__EXERCISE__
Below are some records; quote exactly the lines from the one that contains "MAC 209 Eyeliner Brush | Nordstrom" through the one that contains "Hand Made Gemstone", inclusive, and no others.

__RECORDS FOR THE TASK__

**********

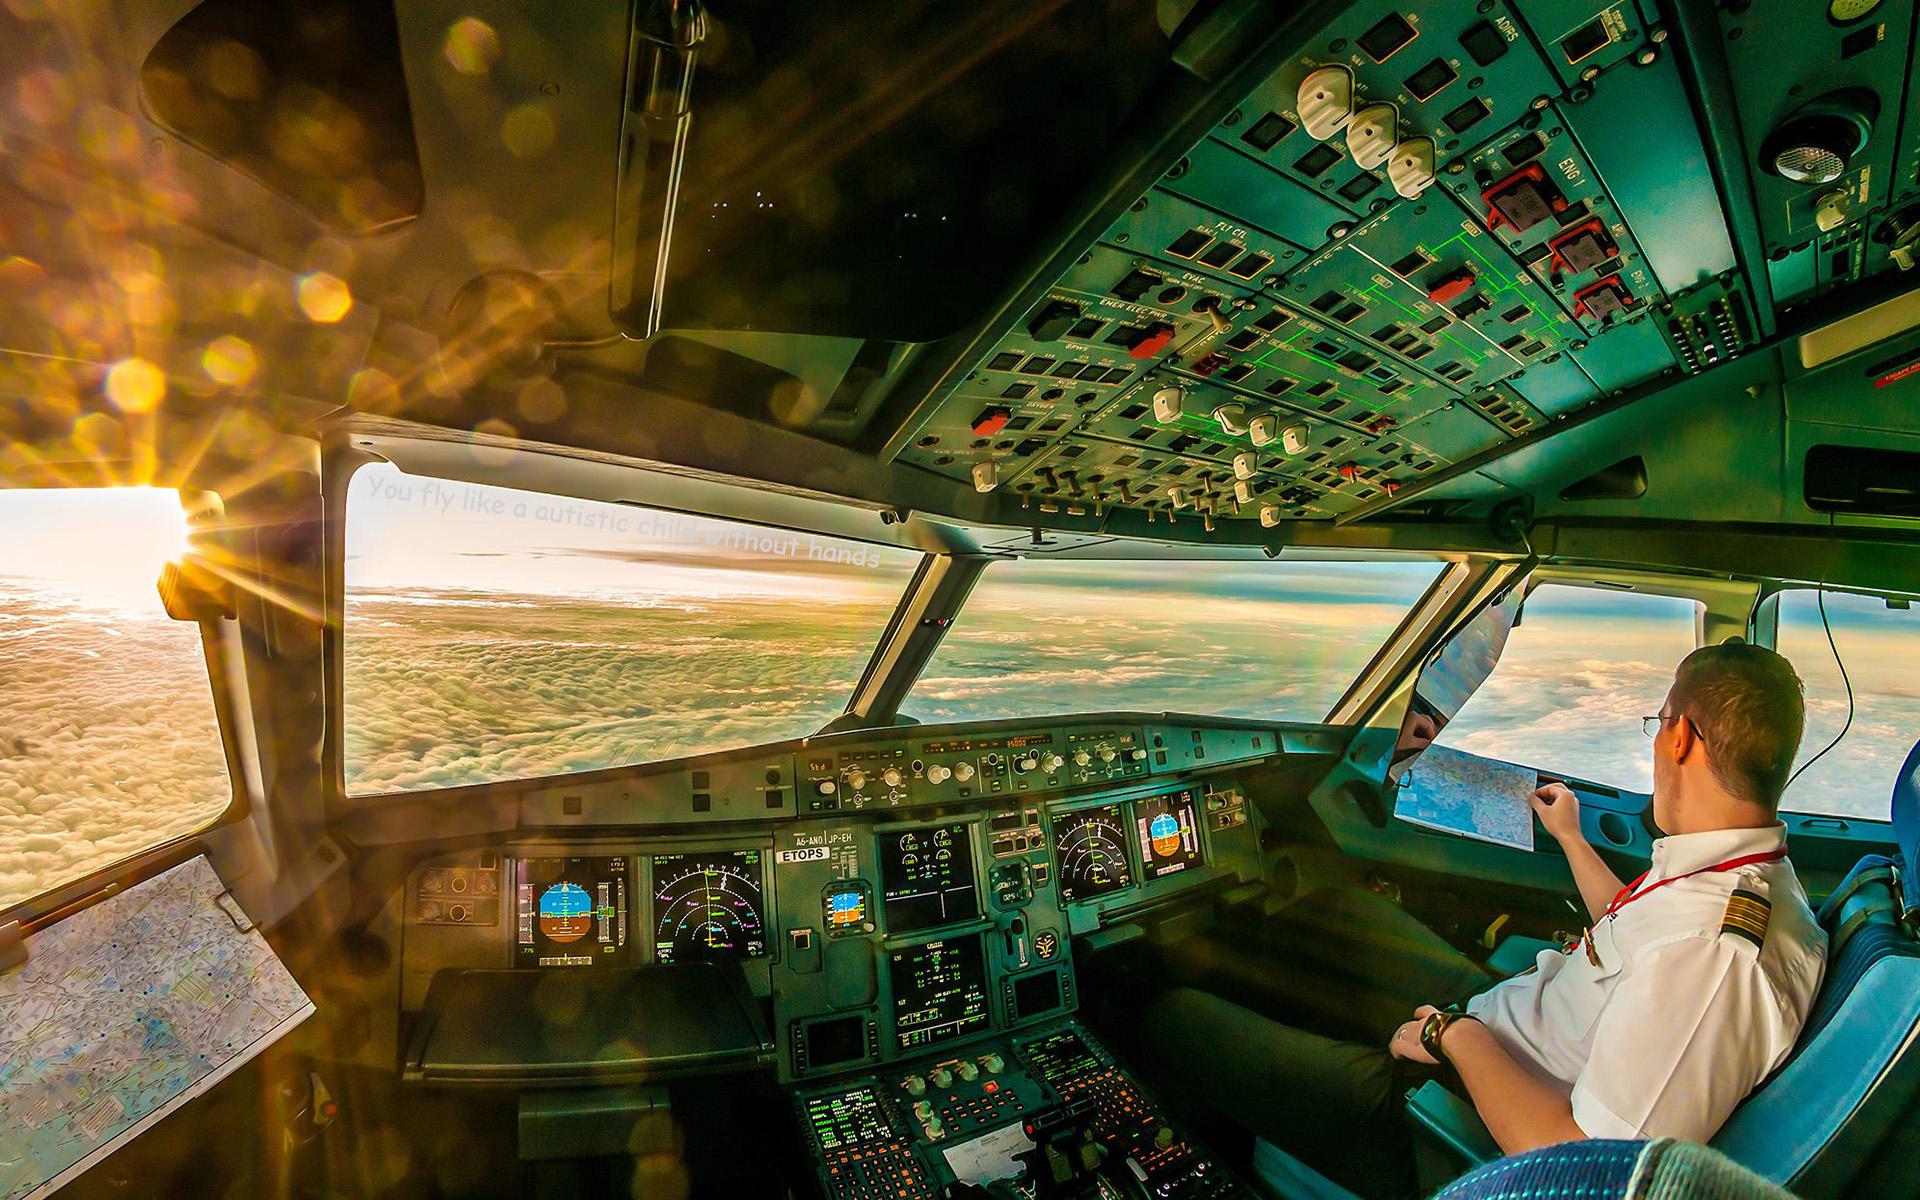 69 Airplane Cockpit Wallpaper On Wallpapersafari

**********

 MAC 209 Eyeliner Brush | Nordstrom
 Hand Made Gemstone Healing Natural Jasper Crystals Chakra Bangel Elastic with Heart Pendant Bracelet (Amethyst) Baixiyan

**********

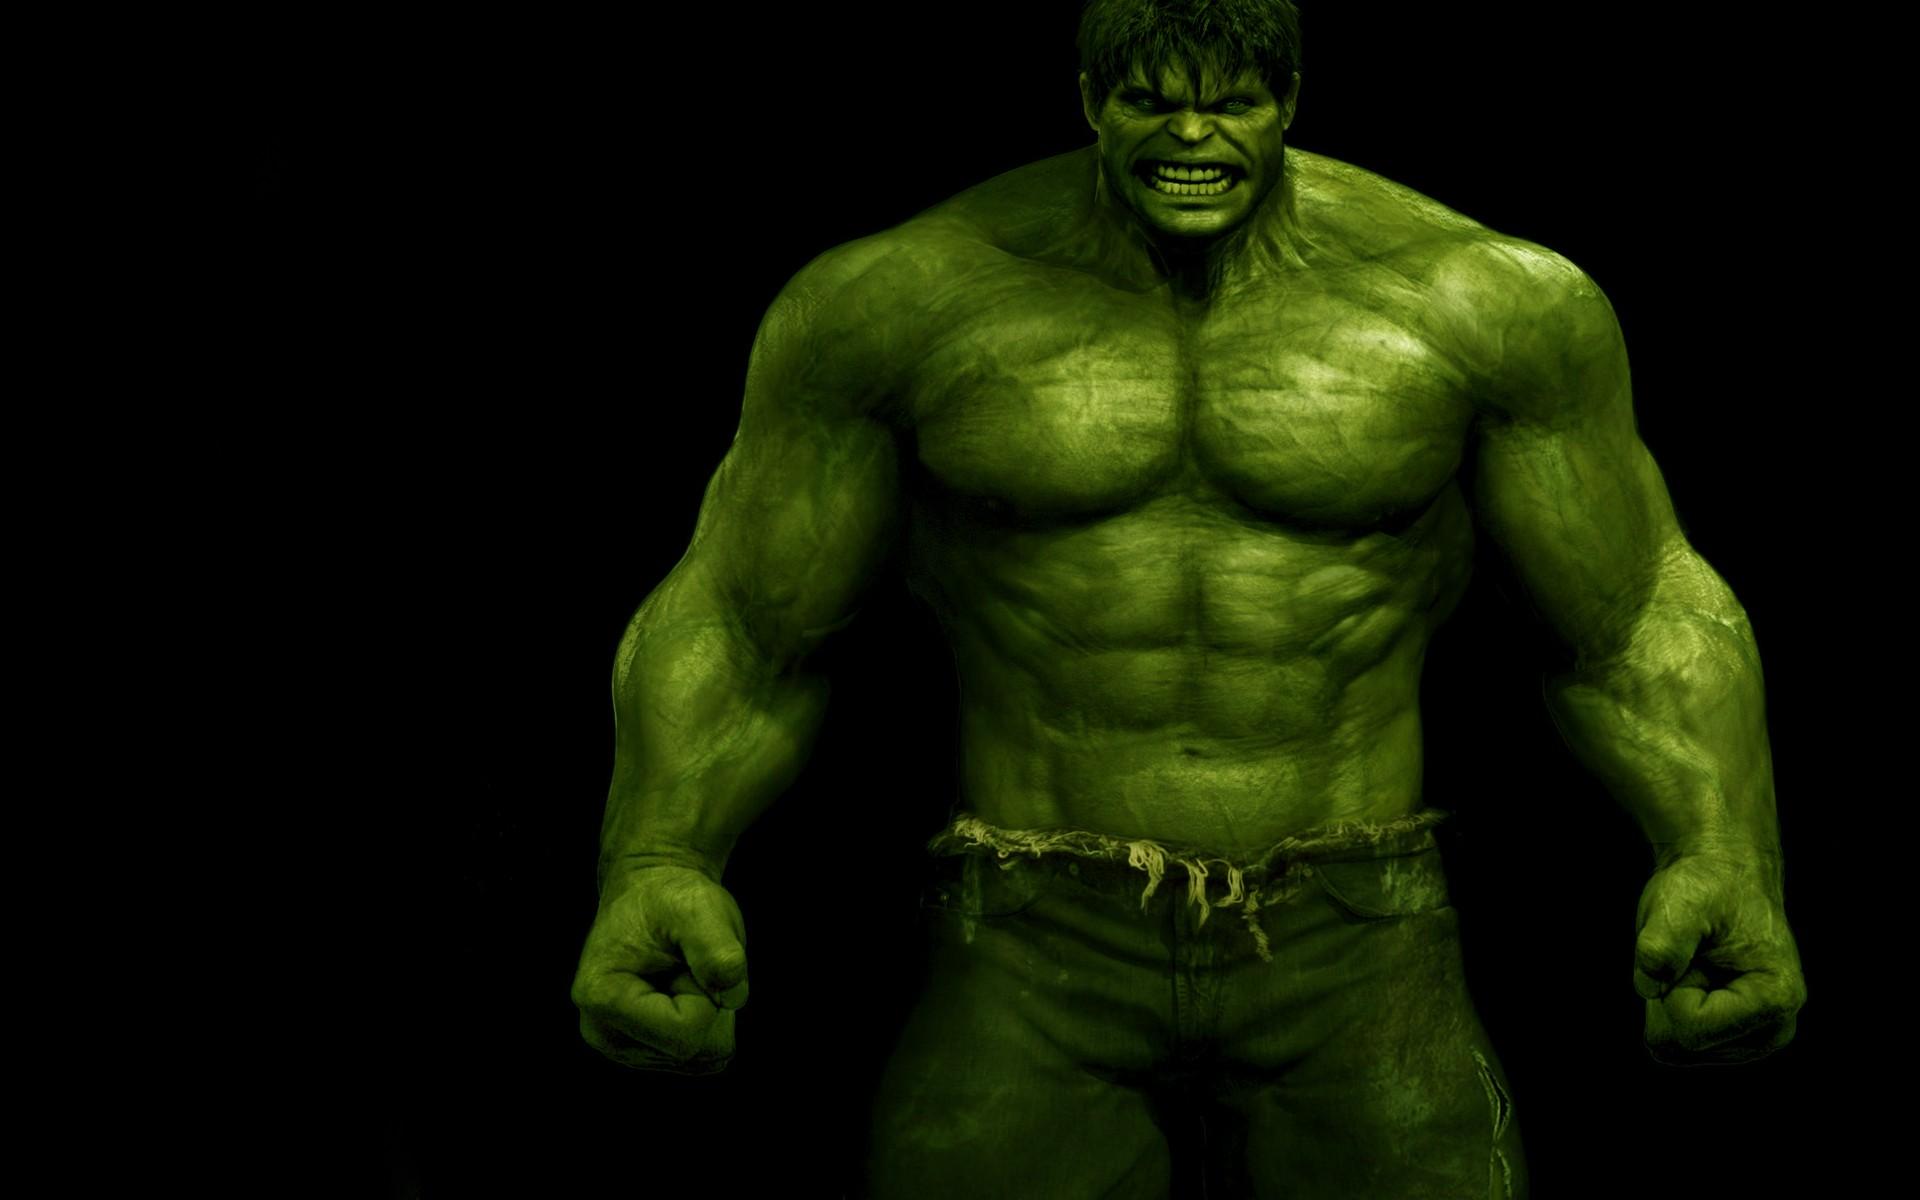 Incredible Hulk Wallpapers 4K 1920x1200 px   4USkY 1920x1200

**********

__SOLUTION BELOW__
 MAC 209 Eyeliner Brush | Nordstrom
 Hand Made Gemstone Healing Natural Jasper Crystals Chakra Bangel Elastic with Heart Pendant Bracelet (Amethyst) Baixiyan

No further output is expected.